## Exercise prompt
From the line containing "东莞农商行logo设计、vi设计应用场景_3" to the final line of the entries, every line is to be reproduced exactly; no other line belongs in the output.

## Information shown
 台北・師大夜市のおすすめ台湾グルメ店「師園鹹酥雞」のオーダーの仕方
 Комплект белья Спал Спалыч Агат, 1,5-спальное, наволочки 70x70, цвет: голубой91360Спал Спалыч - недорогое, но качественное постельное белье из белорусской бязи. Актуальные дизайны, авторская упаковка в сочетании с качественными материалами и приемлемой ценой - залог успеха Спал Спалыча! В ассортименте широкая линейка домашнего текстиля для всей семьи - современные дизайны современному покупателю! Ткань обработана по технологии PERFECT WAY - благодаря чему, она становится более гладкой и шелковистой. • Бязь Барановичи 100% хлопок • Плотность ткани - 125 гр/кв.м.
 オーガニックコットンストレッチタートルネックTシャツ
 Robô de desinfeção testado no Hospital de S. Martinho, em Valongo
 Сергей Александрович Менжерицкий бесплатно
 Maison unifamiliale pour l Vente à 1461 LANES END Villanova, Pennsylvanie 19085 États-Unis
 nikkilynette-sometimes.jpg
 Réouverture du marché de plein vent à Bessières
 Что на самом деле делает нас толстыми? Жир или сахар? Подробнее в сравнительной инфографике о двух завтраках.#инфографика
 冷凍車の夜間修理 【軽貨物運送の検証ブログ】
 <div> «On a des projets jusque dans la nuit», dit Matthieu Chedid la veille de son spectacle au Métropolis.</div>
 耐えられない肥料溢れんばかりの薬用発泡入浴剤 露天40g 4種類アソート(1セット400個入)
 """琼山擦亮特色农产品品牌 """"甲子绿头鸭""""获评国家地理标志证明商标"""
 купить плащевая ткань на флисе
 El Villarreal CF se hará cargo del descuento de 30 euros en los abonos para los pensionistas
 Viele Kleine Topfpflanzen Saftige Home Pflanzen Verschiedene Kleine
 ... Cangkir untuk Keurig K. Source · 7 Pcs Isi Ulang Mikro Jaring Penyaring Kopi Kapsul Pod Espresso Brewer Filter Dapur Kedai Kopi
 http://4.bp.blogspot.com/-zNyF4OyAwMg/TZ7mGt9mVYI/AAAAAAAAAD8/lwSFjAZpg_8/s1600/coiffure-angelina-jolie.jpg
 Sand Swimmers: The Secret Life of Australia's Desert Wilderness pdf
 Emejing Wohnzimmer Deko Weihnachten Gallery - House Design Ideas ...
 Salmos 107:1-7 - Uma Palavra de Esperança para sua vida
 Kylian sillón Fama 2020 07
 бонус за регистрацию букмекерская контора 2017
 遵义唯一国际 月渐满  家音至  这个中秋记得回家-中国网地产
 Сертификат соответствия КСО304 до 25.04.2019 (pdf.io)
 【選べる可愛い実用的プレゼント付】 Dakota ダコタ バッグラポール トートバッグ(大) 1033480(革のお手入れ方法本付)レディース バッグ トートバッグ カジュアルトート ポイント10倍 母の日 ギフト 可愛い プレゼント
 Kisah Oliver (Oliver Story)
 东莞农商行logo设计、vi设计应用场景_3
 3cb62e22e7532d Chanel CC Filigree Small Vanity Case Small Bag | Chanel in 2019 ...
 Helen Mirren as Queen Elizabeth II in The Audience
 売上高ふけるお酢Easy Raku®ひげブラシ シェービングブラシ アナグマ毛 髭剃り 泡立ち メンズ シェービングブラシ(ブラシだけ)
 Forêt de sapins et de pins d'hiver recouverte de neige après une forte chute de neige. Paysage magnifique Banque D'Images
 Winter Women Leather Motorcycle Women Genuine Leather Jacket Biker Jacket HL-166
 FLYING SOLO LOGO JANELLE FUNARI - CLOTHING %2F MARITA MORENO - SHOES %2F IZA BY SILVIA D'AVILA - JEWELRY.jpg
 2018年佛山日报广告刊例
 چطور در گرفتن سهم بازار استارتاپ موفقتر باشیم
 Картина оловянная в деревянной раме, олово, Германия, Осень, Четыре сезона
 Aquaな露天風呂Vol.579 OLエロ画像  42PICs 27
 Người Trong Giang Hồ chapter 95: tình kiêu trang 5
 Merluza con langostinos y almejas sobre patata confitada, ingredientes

## Exercise response
 东莞农商行logo设计、vi设计应用场景_3
 3cb62e22e7532d Chanel CC Filigree Small Vanity Case Small Bag | Chanel in 2019 ...
 Helen Mirren as Queen Elizabeth II in The Audience
 売上高ふけるお酢Easy Raku®ひげブラシ シェービングブラシ アナグマ毛 髭剃り 泡立ち メンズ シェービングブラシ(ブラシだけ)
 Forêt de sapins et de pins d'hiver recouverte de neige après une forte chute de neige. Paysage magnifique Banque D'Images
 Winter Women Leather Motorcycle Women Genuine Leather Jacket Biker Jacket HL-166
 FLYING SOLO LOGO JANELLE FUNARI - CLOTHING %2F MARITA MORENO - SHOES %2F IZA BY SILVIA D'AVILA - JEWELRY.jpg
 2018年佛山日报广告刊例
 چطور در گرفتن سهم بازار استارتاپ موفقتر باشیم
 Картина оловянная в деревянной раме, олово, Германия, Осень, Четыре сезона
 Aquaな露天風呂Vol.579 OLエロ画像  42PICs 27
 Người Trong Giang Hồ chapter 95: tình kiêu trang 5
 Merluza con langostinos y almejas sobre patata confitada, ingredientes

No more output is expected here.